據(jù)甘露仙所說, 觀發(fā)現(xiàn)那兩人進入鳳凰嶺之日, 正是應春從河里撿起苦竹之時。
“還有另一個是誰?”伯奇面露不解,“我沒有發(fā)現(xiàn)。”
“我猜測, 這些潛入鳳凰嶺的人你的鳥兒是認不出來的。他們都是巫十三的隨從, 巫十三原本又是山神, 應當有些什么掩人耳目的本事。”程鳴羽說,“我們找到苦竹,自然就有辦法問出另一個同伙是誰。”
伯奇忙道:“既然我們已經(jīng)找到了他們進山的路徑,那就先把河道也封閉起來吧。”
“不行!”程鳴羽與長桑同時喊出聲。
兩人俱是一愣, 長桑揚揚手, 示意程鳴羽解釋。
程鳴羽理了理頭發(fā),得到長桑的鼓勵著實令她很驚奇。
“我們既然已經(jīng)知道河道是他們的通路, 不要封閉,先監(jiān)視起來。如果苦竹或者苦竹的同伴從河道離開, 我們可以跟蹤。如果巫十三繼續(xù)派來新的邪物, 我們也可以立刻知道,安排布局。”她一邊飛快思考, 一邊慢慢說出心中想法,“無論是之前的糕糜先生還是這次的苦竹,還有我們尚不知道的神秘邪物,我覺得我們都太被動了。我在想能否有機會跟隨巫十三的邪物前往婆青山探查。如果這個現(xiàn)在還做不到,至少當邪物進入鳳凰嶺的時候,我們能在第一時間得知。”
甘露仙點點頭:“我明白山神的意思。事不宜遲,我立刻告訴觀。鳳凰嶺的所有井淵她都能抵達,只要有人通過河流進入鳳凰嶺,她立刻就能知道。”

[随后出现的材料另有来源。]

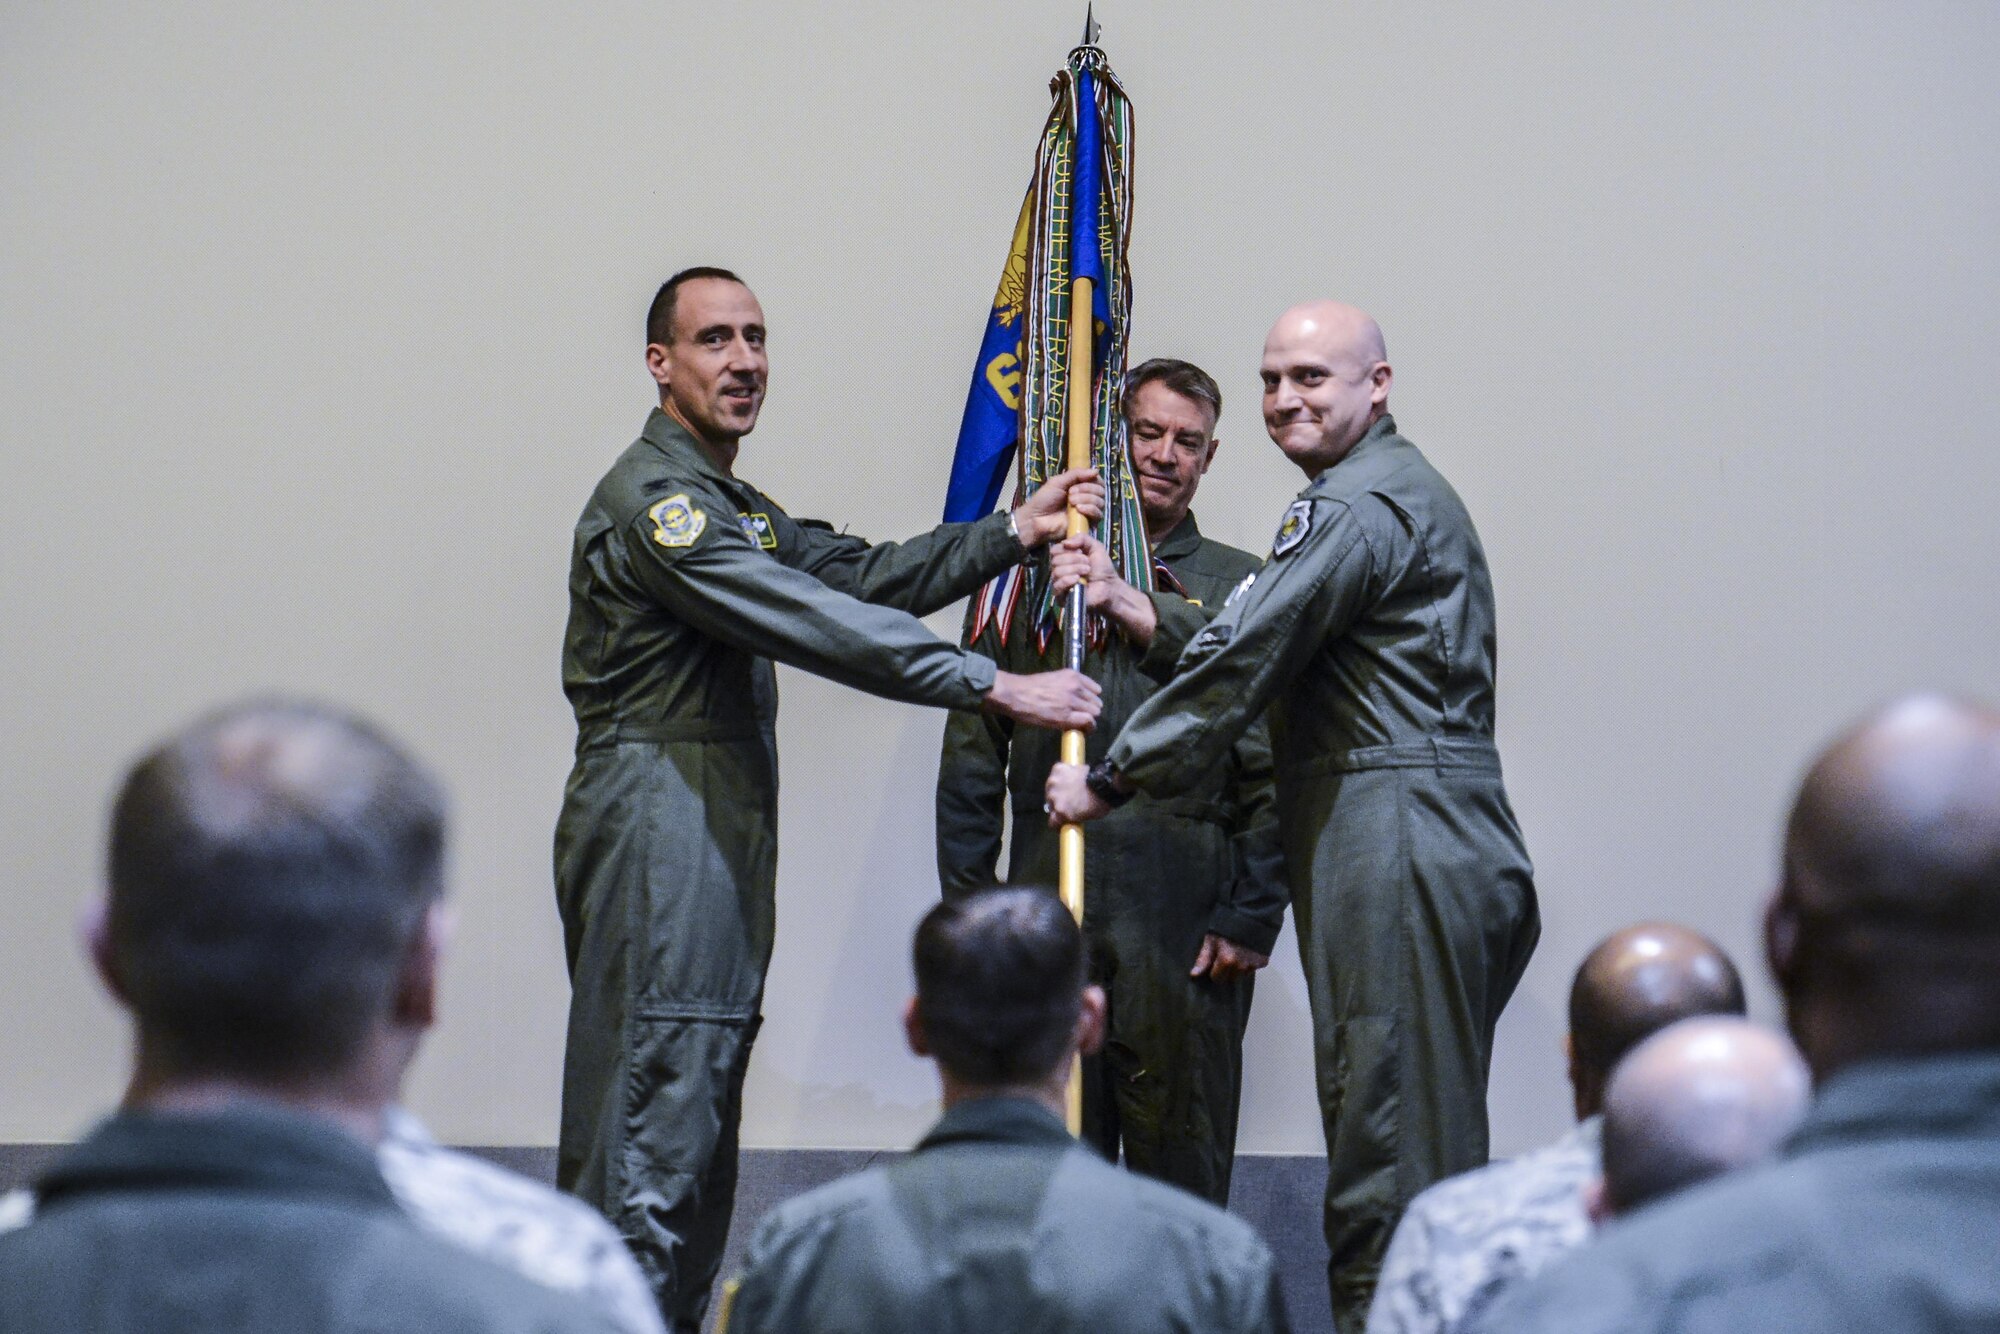 Col. Leonard Kosinski, 62nd Airlift Wing commander, presents the 62nd Operations Group guidon to Lt. Col. Brian Smith, incoming 62nd OG commander during a ceremony Jan. 6, 2017, at Joint Base Lewis-McChord, Wash. The passing of the guidon is a military tradition signifying the official assumption of command.

目送甘露仙離開后,眾人都看著長桑。找到苦竹是當務之急,但救助這幾位昏迷不醒的女子同樣很重要。長桑能探出她們腹中邪氣,也已經(jīng)找到祛除邪氣的方法。
“最快的辦法,還要仰賴山神。”長桑說,“你可以用春山行驅(qū)使鳳凰嶺地脈的靈氣,是不是?”
程鳴羽點點頭,她竟然感到有些受寵若驚:“要使用地脈靈氣嗎?”
長桑點點頭。
程鳴羽是隨身帶著春山行的,此時連忙按照長桑所說,取出一根箭矢,箭尖朝下,懸在一個大腹女人上方。
救治山民的愿望異常強烈,程鳴羽此時此刻心中只想著一件事:我是山神,我可以驅(qū)動靈氣。
地面砂石與草叢簌簌而動,楊硯池驚訝地看到無數(shù)細如絲縷的淺金色靈氣突破地面冒出,紛紛聚攏在程鳴羽手持的箭矢上。箭矢環(huán)繞著一團柔和光線,像是一開始就附著在上面一樣。
程鳴羽緩慢將箭矢放低。箭矢愈是靠近人身,那鼓脹的腹部之中便似有活物竄動,昏迷的女人眉頭緊皺,顯然十分痛苦。
程鳴羽不知如何是好,抬頭看向長桑。
“不用怕,箭尖抵住她的腹部,不要動。”
程鳴羽盡力讓自己手腕穩(wěn)定,終于讓箭矢的尖端碰到的女人腹部的皮膚。
一瞬間,她仿佛聽到了某種可怕的尖嘯從女人口中傳出。
女人奮力掙扎,但四肢已經(jīng)被樹木枝條緊緊纏縛。她睜開了被黑色瞳仁擠滿的眼睛,大張著嘴巴,數(shù)團黑氣從她七竅中滾滾冒出。那黑氣無法凝聚成形,長桑抖動自己的神具龍索,緊緊纏著那團黑氣,直到它徹底消散。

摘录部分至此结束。